What I have so far is a PrintService (which implements an IPrintService interface) and this implementation has two overloads for PrintToPDF(), one that takes just a URL and another that takes an HTML string, and both of which return a byte[]. I've only worked out the details of the second overload which requires the HTML string.

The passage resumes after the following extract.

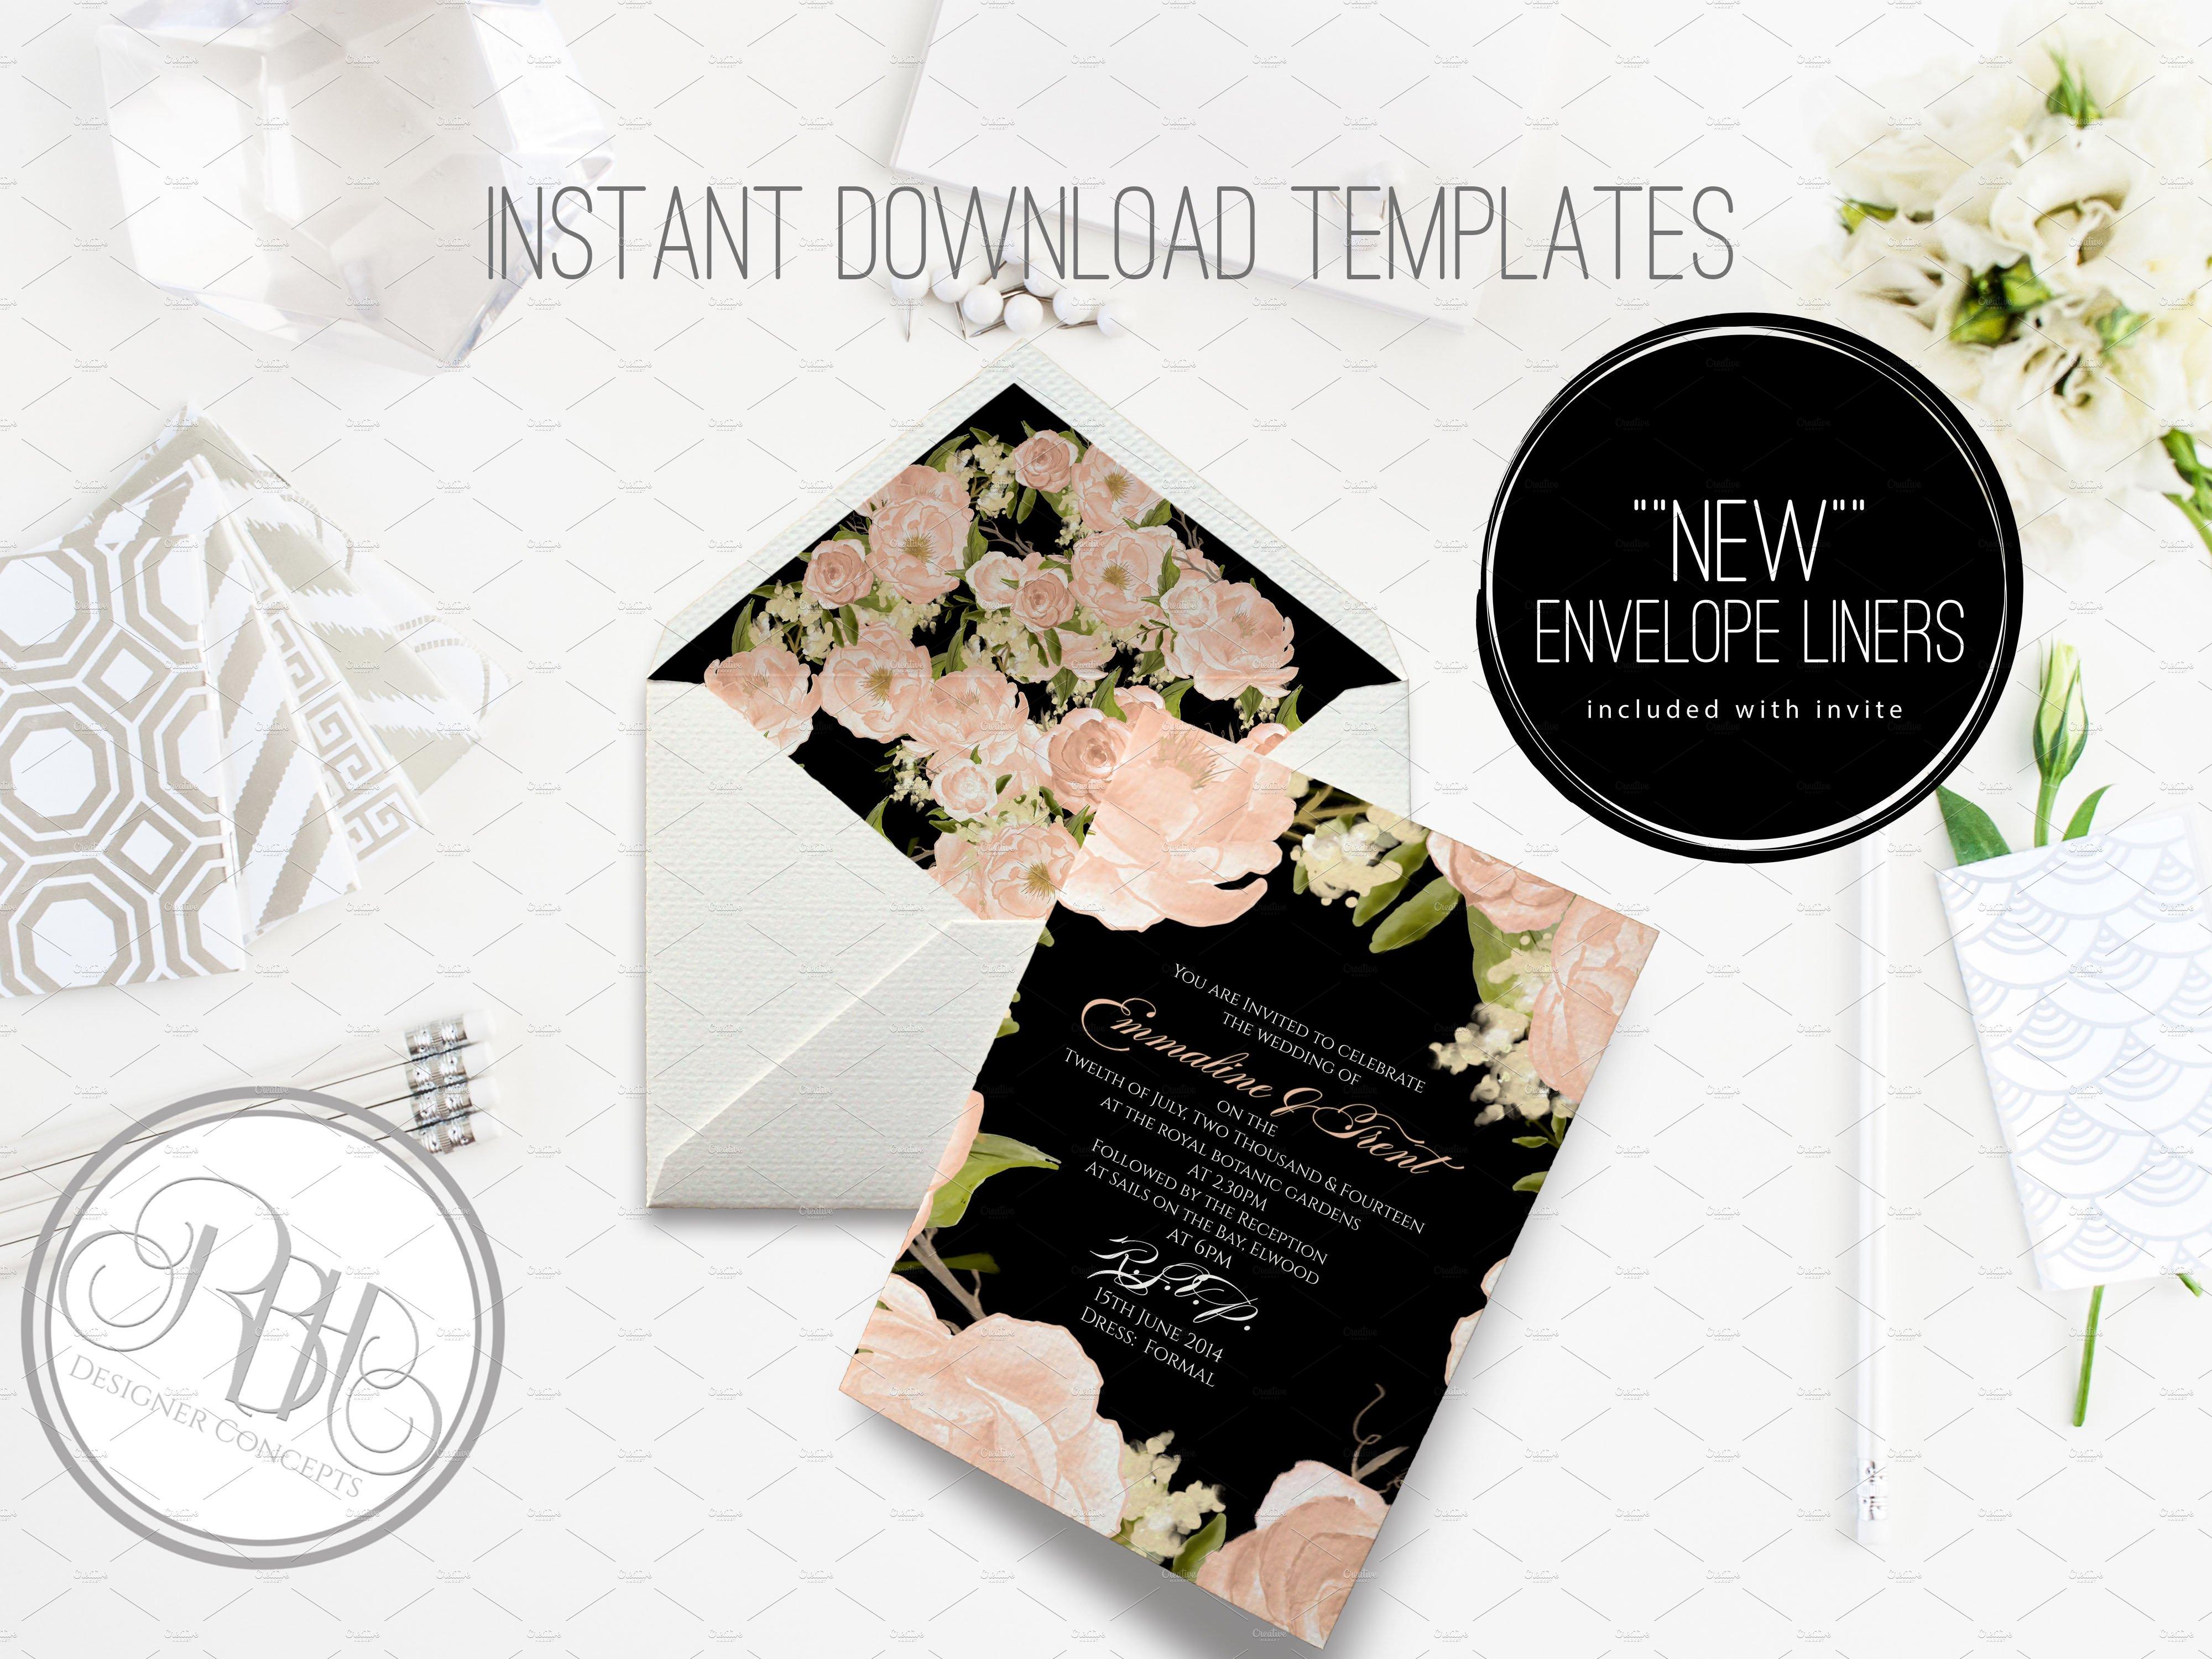 Peach peonies wedding invite invitation templates creative market pronofoot35fo Images

What I would like to do from my controller is something like:

public FileStreamResult Print(int id)
{
    var model = _CustomRepository.Get(id);
    string renderedView = SomethingThatRendersMyViewAsAString(model);
    Stream byteStream = _PrintService.PrintToPdf(renderedView);
    HttpContext.Response.AddHeader("content-disposition", 
        "attachment; filename=report.pdf");
    return new FileStreamResult(byteStream, "application/pdf");  
}

which in theory would render a PDF to the page. It's the "SomethingThatRendersMyViewAsAString" that I'm looking for help with. Is there a quick way to get the string representation of a View? Or perhaps I should just stick with the URL overload and pass in a URL to the view... Any other thoughts?

Thanks!

Answer

Giorgio Bozio picture Giorgio Bozio · Feb 22, 2012

I packaged my solution in a Nuget package: Rotativa http://nuget.org/packages/Rotativa. It's based on wkhtmltopdf.

Usage is really simple.

Having an action you would like to serve as Pdf, instead of Html page. You can define an action that returns an ActionResult of the type ActionAsPdf (RouteAsPdf is also available). So the code is just:

public ActionResult PrintIndex()
{
    return new ActionAsPdf("Index", new { name = "Giorgio" }) { FileName = "Test.pdf" };
}

With name = "Giorgio" being a route parameter.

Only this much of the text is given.